Smaug yang beranggapan dia empunya semua harta berkilau di Erebor tak ingin kehilangan satu keping pun dari gunung harta tersebut. Walaupun akhirnya Smaug berhasil dihabisi, penyakit ‘gila harta’ Smaug rupanya menular ke Thorin, raja kurcaci yang sebelumnya merupakan pejuang tangguh dan lurus.
Thorin yang gagah perkasa berubah menjadi Thorin yang terobsesi dengan segala berhala harta seperti manusia yang memuja Mammon dan menjauh dari Tuhan. Thorin mengabaikan rasa keadilan dan belarasa, bahkan dia berpangku tangan ketika saudara dan bangsa lain berjuang melawan kebatilan di luar benteng Erebor.
Fokusnya hanya satu: hartanya semata dan rasa ketakutan akan kehilangan harta tersebut.
Dragon sickness ini suatu hal yang riil yang kita temui di sekitar kita. Ketika membaca berita percaturan politik akhir-akhir ini, selalu bisa dikenali fenomena Smaug dalam rupa politisi yang rakus akan kekuasaan dan semata mengamankan diri dan kelompoknya.
Beruntung bagi Thorin, dia akhirnya tersadar dan bangkit berjuang mengalahkan kejahatan, bahkan rela mengorbankan jiwa raganya untuk itu. Dia beruntung menjelang meninggal masih sempat berdamai dengan Bilbo yang sebelumnya mau dibunuhnya di saat terjangkit penyakit gila harta.

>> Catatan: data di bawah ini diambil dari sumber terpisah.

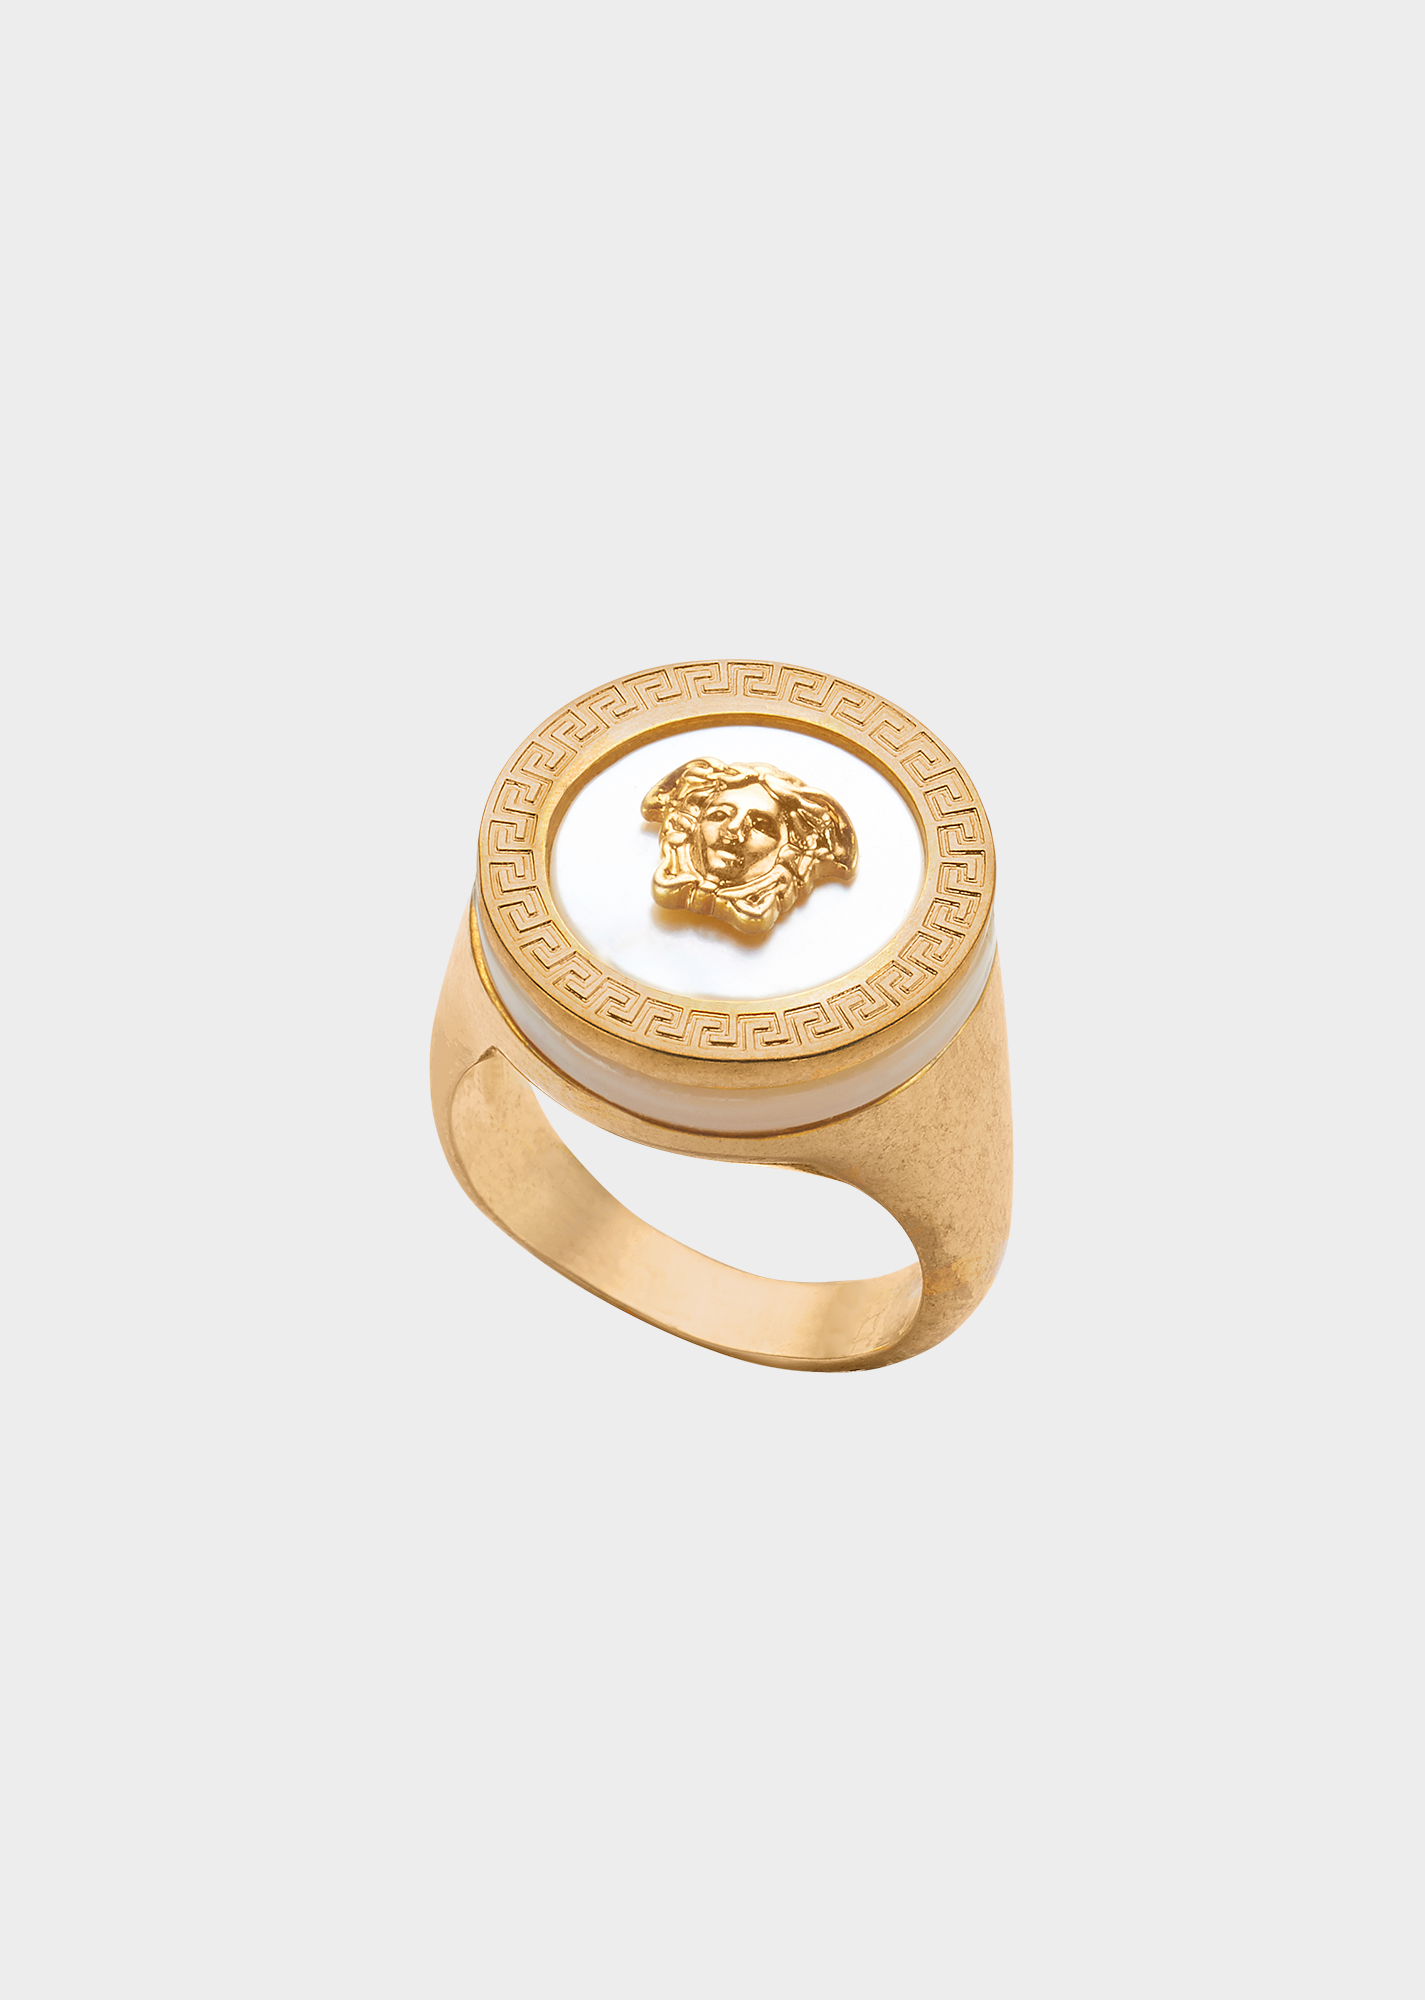 donatella versace wedding ring

Bilbo, pahlawan kecil yang hatinya besar
Tokoh utama yang menjadi pahlawan penyelamat pada film ini adalah Bilbo, seorang Hobbit yang hidupnya tiba-tiba terenggut dari kenyamanan dan kedamaian di desanya ke dunia perang yang gelap dan penuh kejutan. Bilbo yang awalnya direkrut sebagai pelengkap pasukan kurcaci karena dianggap bisa menjadi tokoh pencuri mereka, dulunya dianggap beban oleh Thorin sebagai kepala rombongan.

Tetapi dalam perjalanan panjang dan melelahkan, kesetiaan dan integritas Bilbo membuatnya menjadi yang utama dalam setiap petualangan.

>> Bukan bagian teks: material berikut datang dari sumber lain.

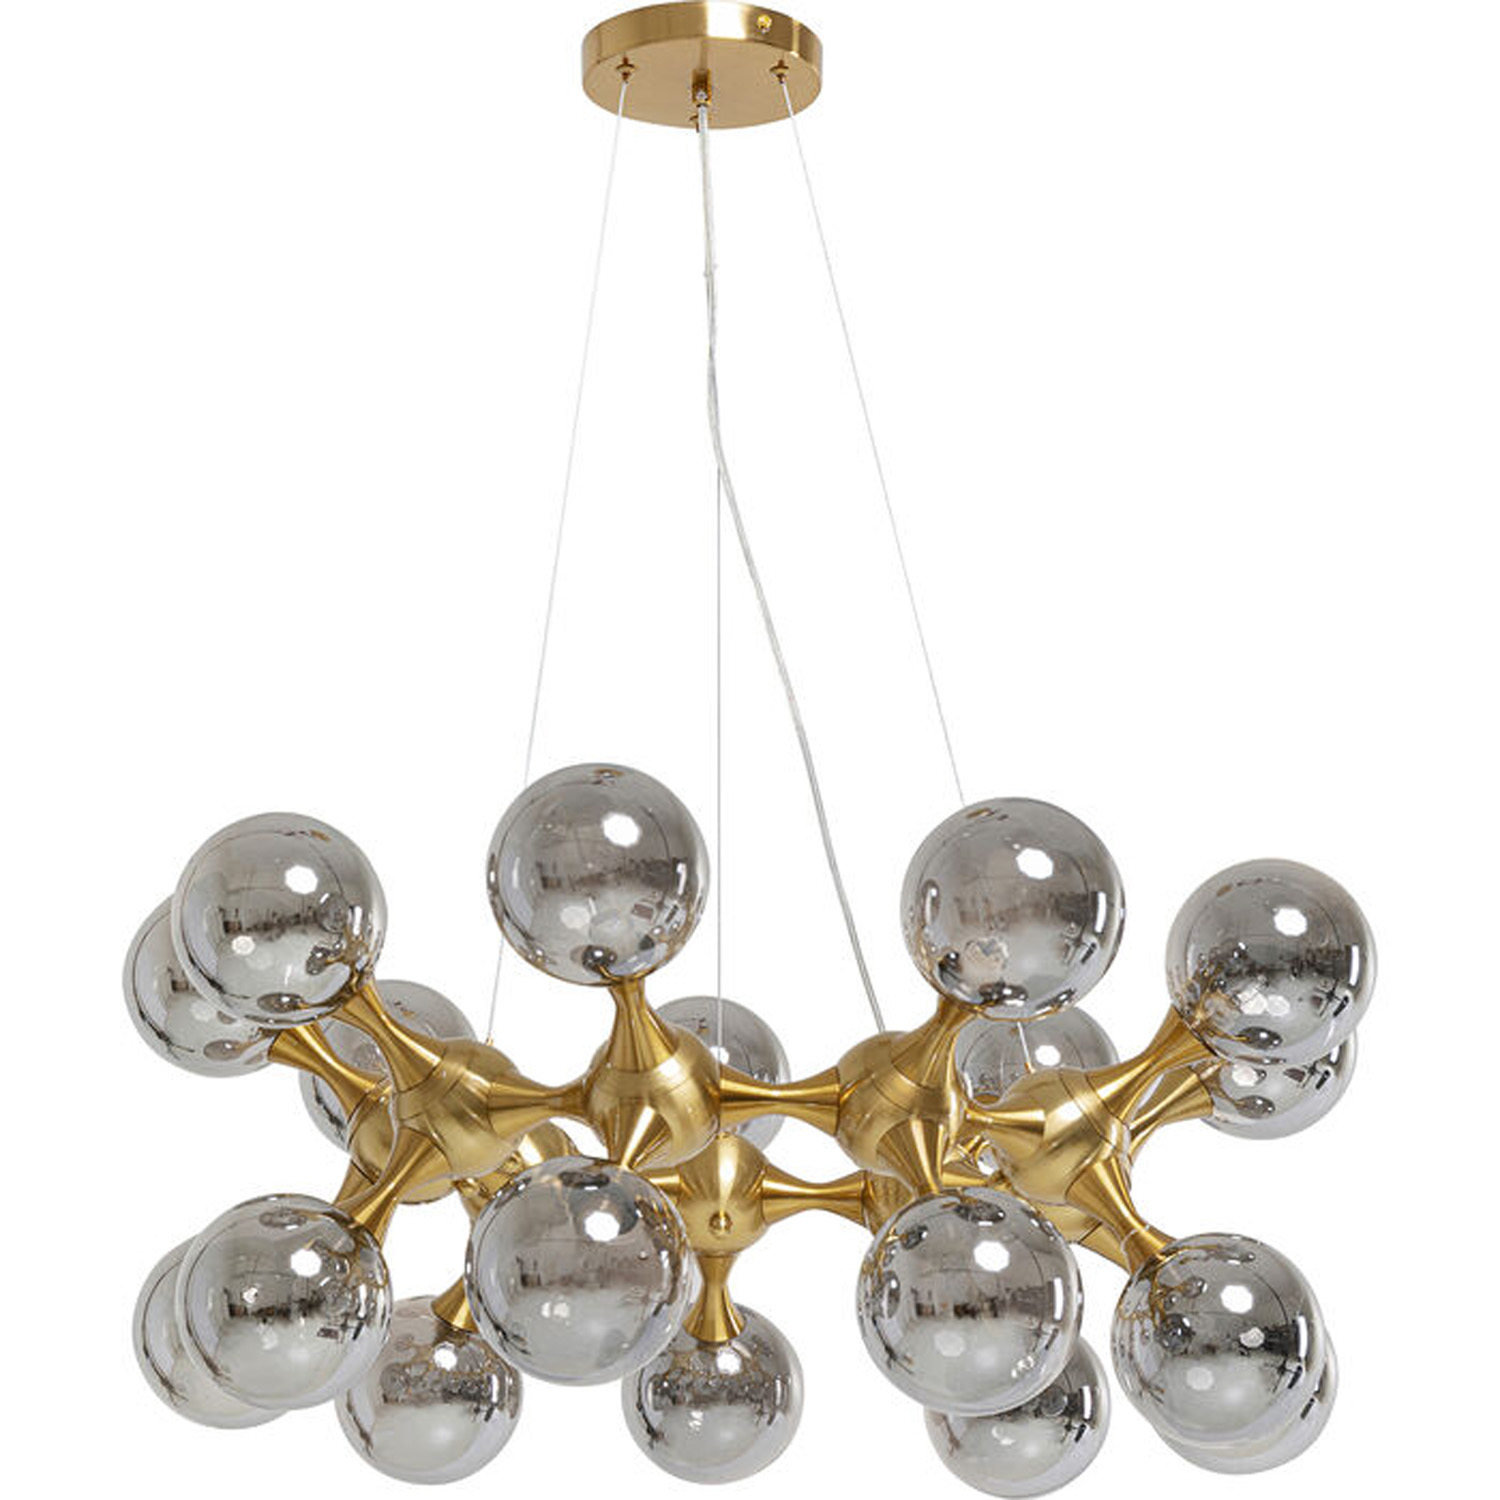 KARE DESIGN Atomic Balls loftlampe - sølv glas og messing stål

Itulah kekuatan cerita Tolkien dengan epik The Hobbit dan The Lord of The Rings. Kejahatan bisa ditumpas oleh kebaikan, kalau semua pihak yang baik mau bersatu dan kalau banyak pihak mau berkorban. Ketulusan itulah yang ditunjukkan oleh Bilbo Baggins. Maka walau perawakannya kecil, hatinya yang besar mengubahnya menjadi sentral dari epik tersebut.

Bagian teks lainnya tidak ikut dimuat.